3 min readMar 17, 2023

FastBERT is a novel speed-tunable language transformer with adaptive inference time.

FastBERT consists of backbone and branches. The backbone is built upon 12-layers Transformer encoder with an additional teacher-classifier, while the branches include student-classifiers which are appended to each Transformer output to enable early outputs.

The backbone consists of three parts: the embedding layer, the encoder containing stacks of Transformer blocks, and the teacher classifier. The structure of the embedding layer and the encoder conform with those of BERT.

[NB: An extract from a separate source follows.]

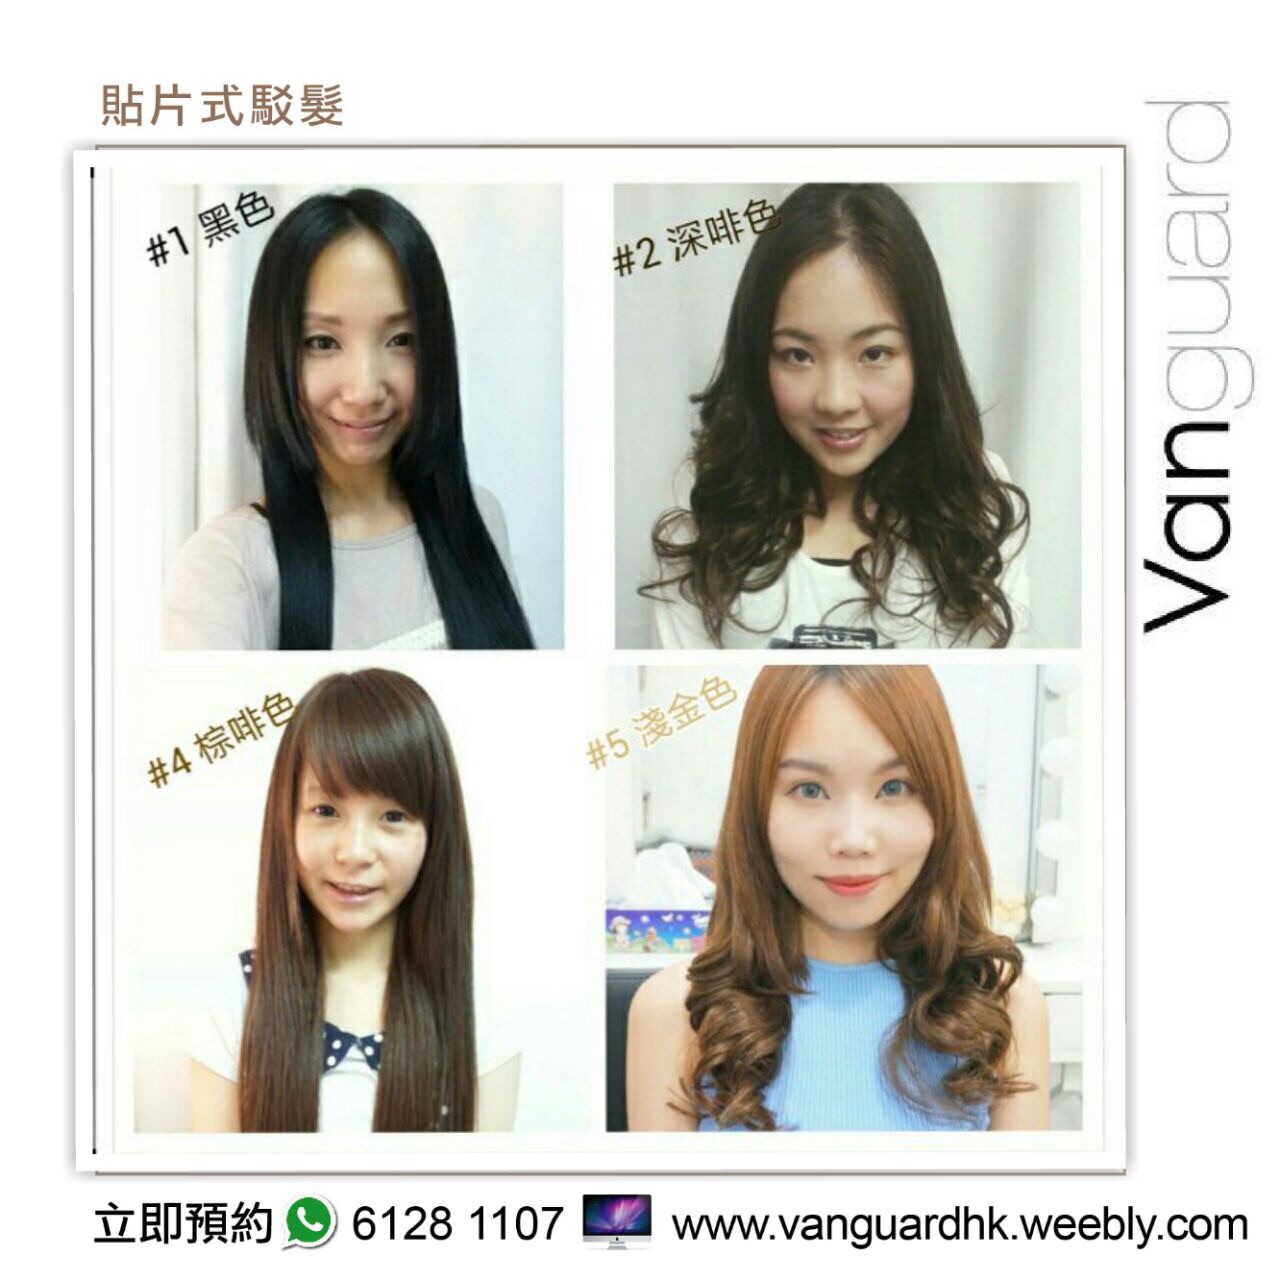 髮型屋 Salon: Vanguard HK 無痕貼片式駁髮專門店

The teacher classifier extracts in-domain features for downstream inferences. It has a fully-connected layer narrowing the dimension from 768 to 128, a self-attention joining a fully-connected layer without changes in vector size, and a fully-connected layer with a softmax function projecting vectors to an N-class indicator pt.

Branches

To provide FastBERT with more adaptability, multiple branches, i.e. the student classifiers, in the same architecture as the teacher are added to the output of each Transformer block to enable early outputs, especially in those simple cases.

PreTraining

The pre-training of backbone resembles that of BERT in the same way that our backbone resembles BERT. FastBERT does not even need to perform pre-training by itself, for it can load high-quality pre-trained models freely.

Fine-tuning for backbone

For each downstream task, we plug the task-specific data into the model, fine-tuning both the major backbone and the teacher classifier. At this stage, all student classifiers are not enabled.

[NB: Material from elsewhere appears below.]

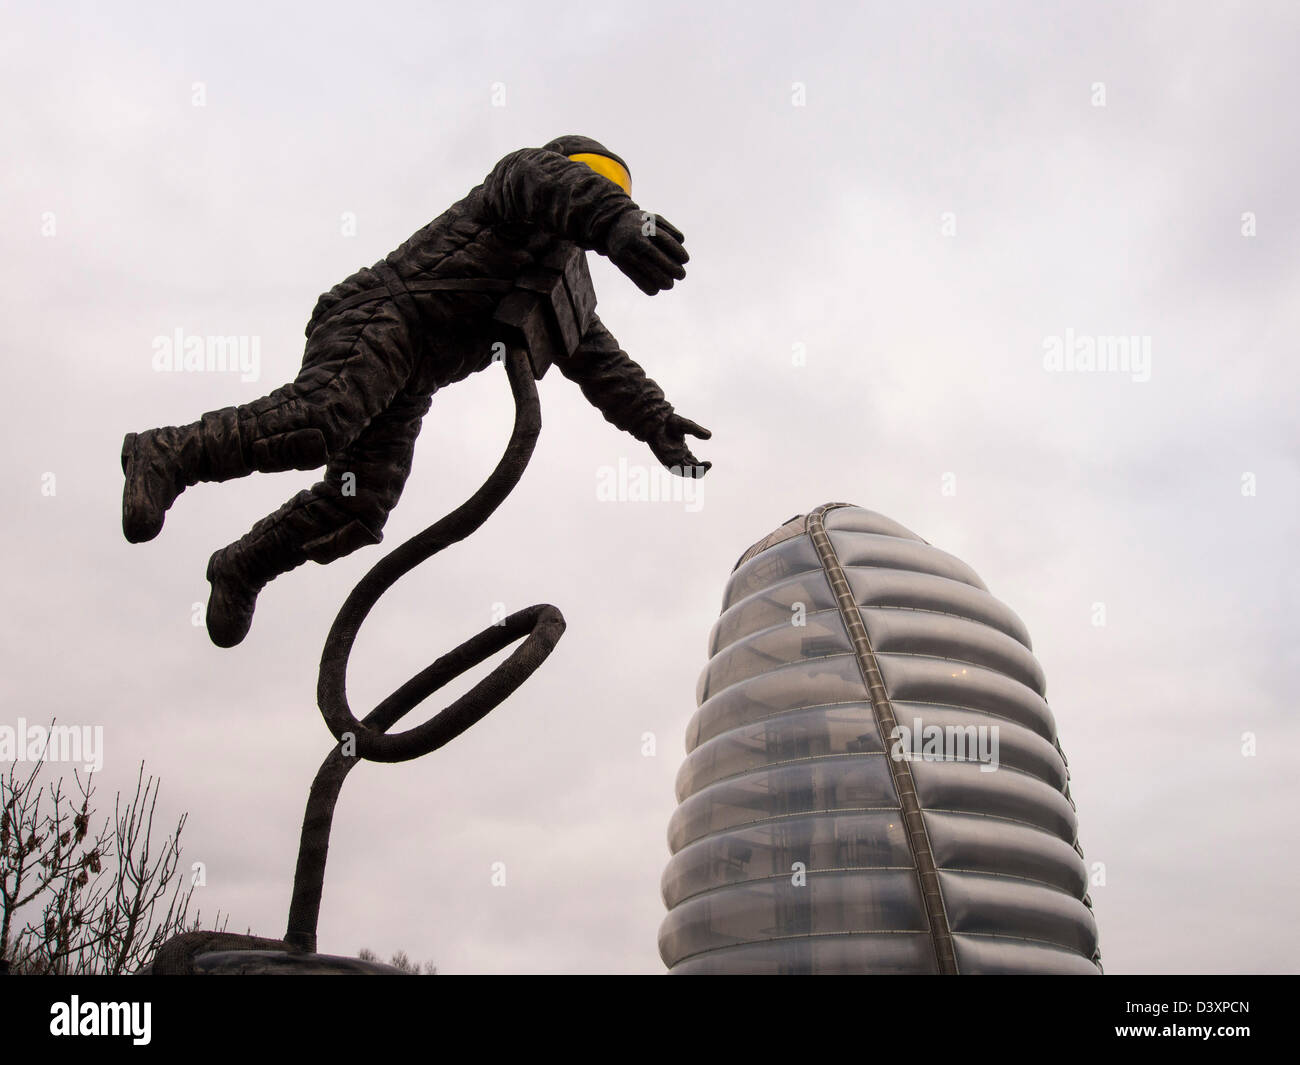 Ein Astronaut Bildhauerei an der National Space Centre in Leicester, UK. Stockfoto

Self-distillation for branch

With the backbone well-trained for knowledge extraction, its output, as a high-quality soft-label containing both the original embedding and the generalized knowledge, is distilled for training student classifiers.

As students are mutually independent, their predictions ps are compared with the teacher soft-label pt respectively, with the differences measured by KL-Divergence.

As there are L - 1 student classifiers in the FastBERT, the sum of their KL-Divergences is used as the total loss for self-distillation.

Since this process only requires the teachers output, we are free to use an unlimited number of unlabeled data, instead of being restricted to the labeled ones.

Moreover, our method differs from the previous distillation method, for the teacher and student outputs lie within the same model.

Adaptive inference

FastBERT performs inference in an adaptive manner, which means we can adjust the number of executed encoding layers within the model according to the sample complexity.